The estimated mean per‐user daily intake of cranberries by male and female adults in the US is 23.6 and 42.1 g, respectively, and the estimated 90th percentile per‐user daily intake of cranberries is 69.3 and 103.9 g/day, respectively (CDC, 2006). These intake estimates are based on food consumption data included in the National Center for Health Statistics’ (NCHS), National Health and Nutrition Examination Surveys (NHANES) (survey data from years 2003–2004, 2005–2006).

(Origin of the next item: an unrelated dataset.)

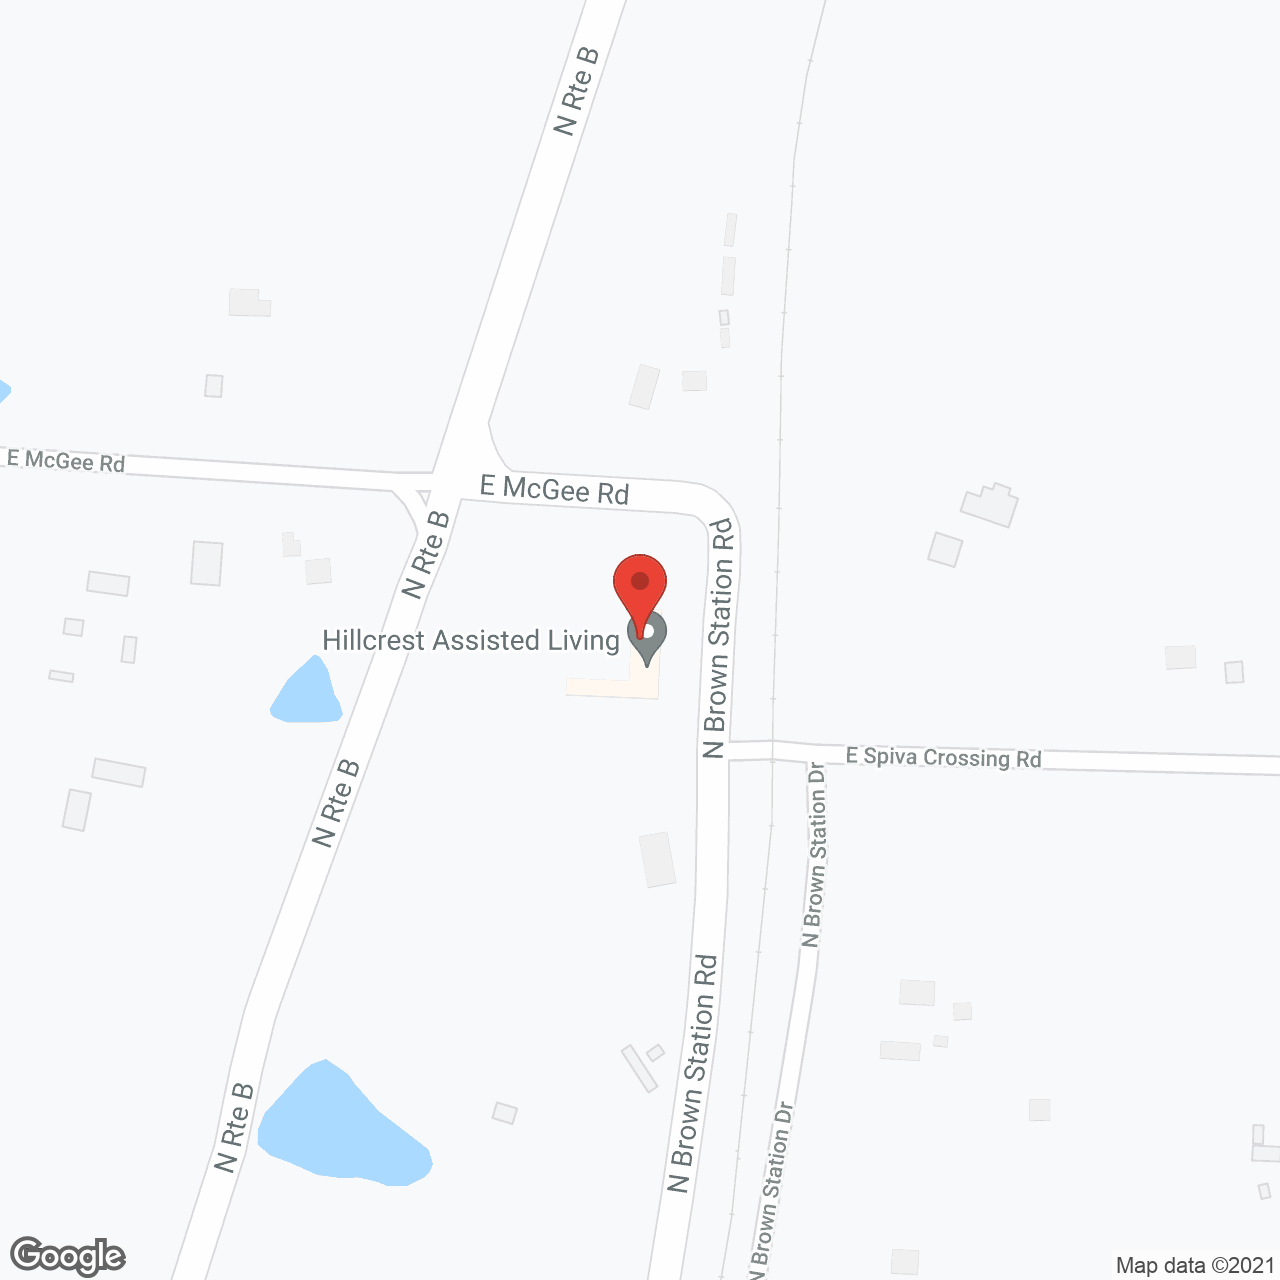 Hillcrest Assisted Living in google map

According to the NHANES of 2005–2008, the mean per‐user daily intake consumption of cranberry juice (100% cranberry juice, cranberry juice cocktail, low‐calorie cranberry juice cocktail and blended cranberry drinks) was 221 mL. Duffey and Sutherland (2013) considered that the amount of cranberry juice in products to be around 27% due to the astringency of cranberry juice. The applicant concurs with the assumption that ‘cranberry juice’ consumption as recorded by NHANES represents beverages with about 27% cranberry juice and not the pure juice.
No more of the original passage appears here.